Visual effects supervisor Greg Anderson and the artists at New York-based Fuse FX were tasked with extending the gallery set with a CGI skylight and stitching certain transitions together in post. One example is from the first episode, “Cornrows,” a scene in which Colin’s mother takes him to get his hair styled for the first time.
The shot circles around Colin as he takes in the shop, then tracks left through a CGI window back into the gallery, where present day Kaepernick watches himself. Anderson and his team melded past and present by reshaping the barbershop behind Colin with a perspective to match Kaepernick’s in the gallery, creating the illusion of a continuous space.

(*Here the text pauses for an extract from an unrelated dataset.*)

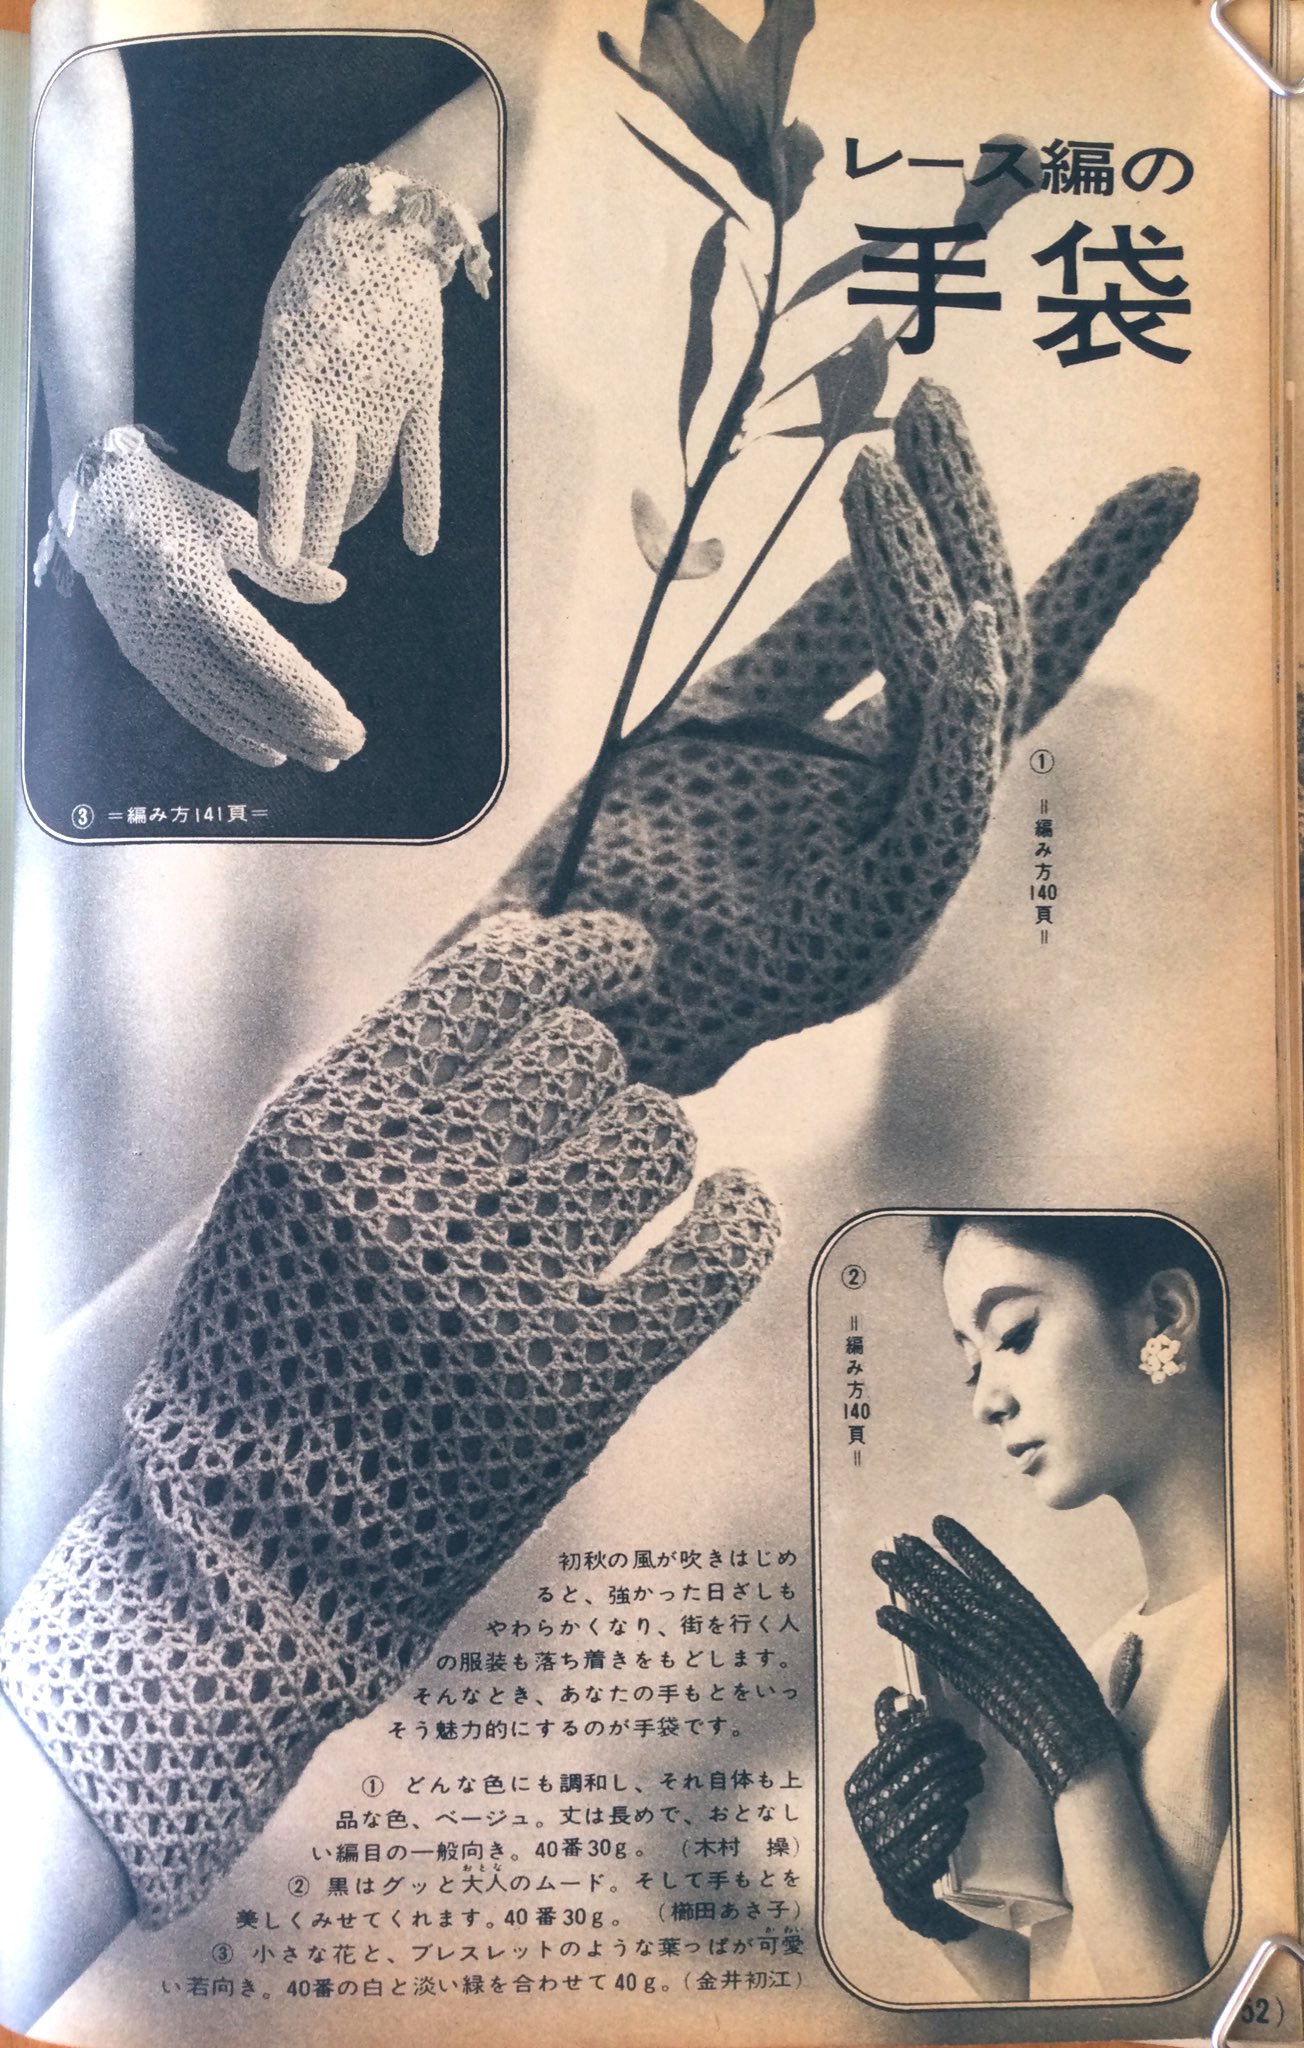 تويتر 雑貨奥様 على تويتر 昭和41年 いま流行の かぎ針編のセーターと手芸 より ちょっとの糸で楽しい小ものを レース編みの手袋 です コンパクトケースが可愛かったので 編み図を載せてみました 昭和レトロ 手芸 T Co A0nfjlf1kd

The camera move continues, tracking left with Kaepernick into a vignette about breakbeat pioneer DJ Kool Herc (Troy Witherspoon). The adjoining gallery walls behind Kaepernick transition from their neutral gray default texture to a bedroom in the Bronx in 1973, with a live-action Herc and his turntables in the foreground. Fuse FX reshaped the background plates shot in Los Angeles to line up with the camera angles in the gallery, lending a subtle diorama-like feel to the scene. “Greg not only understands visual effects, he’s a true filmmaker who understands the goal of each shot and knows the best way to get it,” says Lloyd.
Colin in Black & White was edited by Nicholas Monsour and Jessica Hernández at DuVernay’s ARRAY and color graded by Co-Head of Features Color Mitch Paulson at Company 3 Hollywood. “Mitch did an great job of smoothing out the lighting transitions, considering that the lighting and color shifts were sometimes not exactly where we wanted them,” Lloyd remarks.
“It was amazing to work with so many talented artists and technicians on Colin in Black & White,” says the cinematographer. “Everyone worked really hard and I couldn’t be more proud of them. The results speak for themselves.”
Lloyd was invited to join the ASC in 2020. AC previously covered his work in the Netflix superhero series Daredevil and The Defenders.